Das könnte auch das Wachstum von Temu bremsen, so Gothmann. Der Steuerexperte ist Geschäftsführer von Taxdoo, einem Abwicklungssystem für E-Commerce. Er geht davon aus, dass Temu sogar gezielt Warenkörbe aufteilt "um auch bei größeren Bestellungen unter der Zollfreigrenze zu bleiben." Stichproben des Zolls würden diese Vorgehensweise bestätigen.

Trotz der Zollfreigrenze fällt eine sogenannte Einfuhrumsatzsteuer an. Temu ist in Irland registriert. Die Plattform muss dort die anfallenden Umsatzsteuern anmelden und bezahlen. Irland verteilt sie dann theoretisch an die EU-Staaten weiter. Zum Beispiel nach Deutschland.

Datenhub in der EU?

Doch ein Datenaustausch ist aufwendig und findet kaum statt, kritisiert Roger Gothmann. Er plädiert deshalb für eine effektivere Kontrolle von Marktplätzen wie Temu und die Anwendung bereits existierender Gesetze. Auch die gezielte Aufrüstung der Behörden mit modernen Analysetools könnte weiterhelfen.

Temu hingegen widerspricht solchen Darstellungen: "Das Wachstum hängt nicht von der Zollfreiheit ab", heißt es. Auch würden keine Pakete aufgeteilt, um Zollkontrollen zu umgehen.

Der EU-Kommission ist die Zollfreiheit schon länger ein Dorn im Auge. Sie schlägt vor, die Zollfreigrenze bis 2028 abzuschaffen und einen EU-Datenhub zu errichten, um alle relevanten Zolldaten zusammenzuführen.

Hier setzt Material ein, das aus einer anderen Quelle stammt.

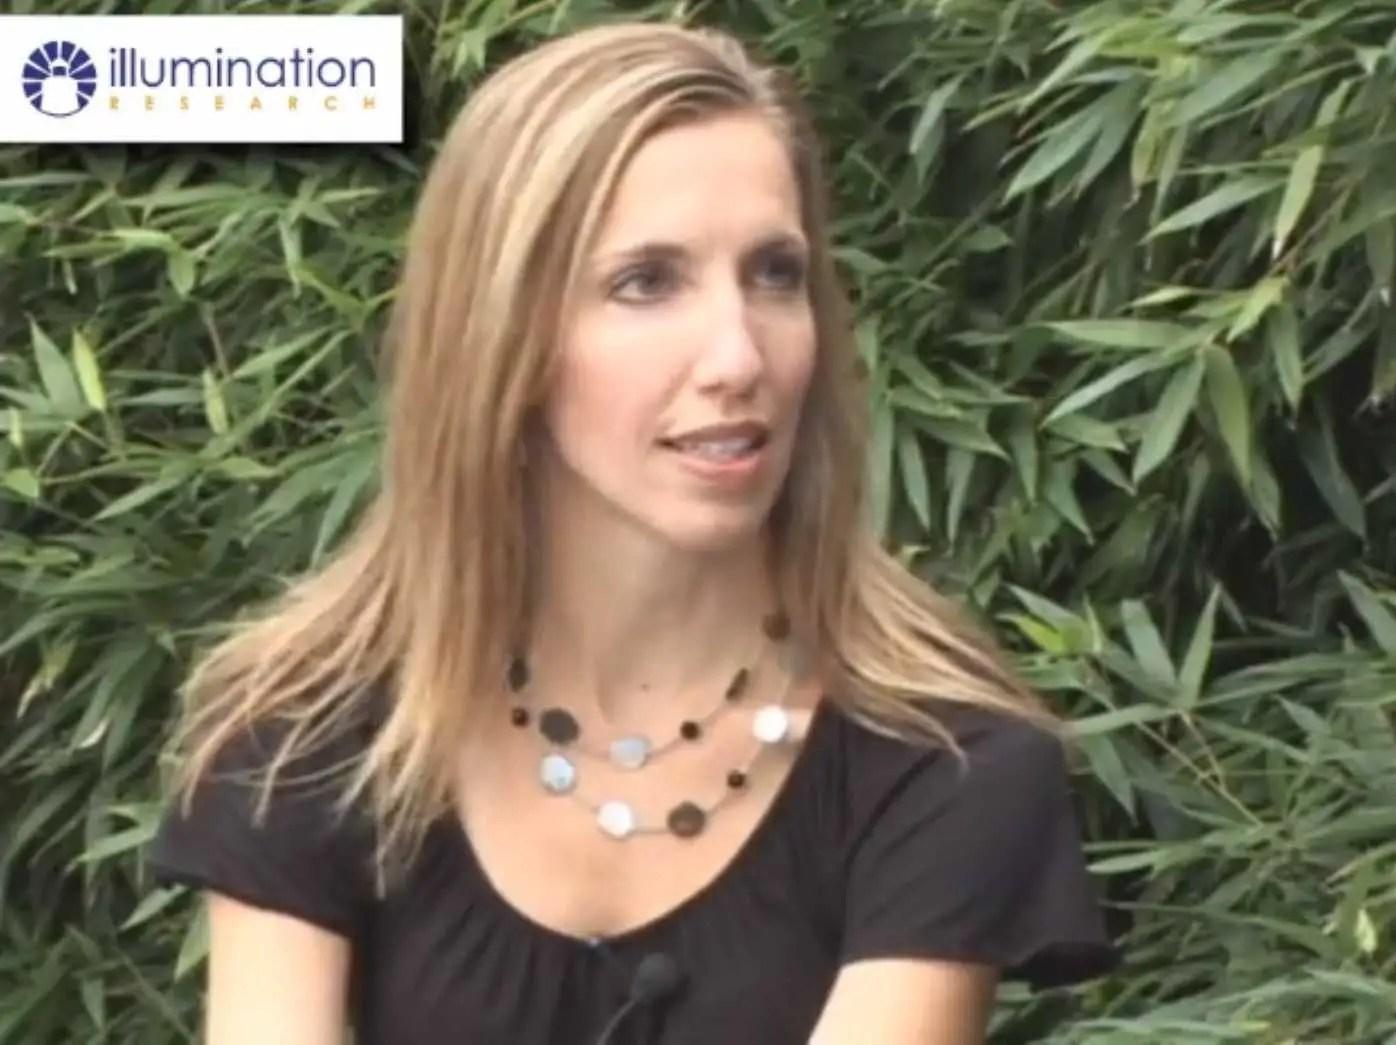 OHIO: Karri Bass, Founder and President Illumination Research

Der Druck auf den Marktplatz nimmt also auf allen Ebenen zu. Der E-Commerce-Experte Alexander Graf geht aber nicht davon aus, dass der Siegeszug von Temu noch aufzuhalten ist. Er verweist auf den Erfolg der Muttergesellschaft Pinduoduo. Die habe "innerhalb von fünf Jahren den bestehenden Plattformen in Asien den Schneid abgekauft." So oder so müsse man sich auf das neue Geschäftsmodell von Temu einstellen. Die Anzahl an Päckchen aus China wird also wohl kaum abnehmen.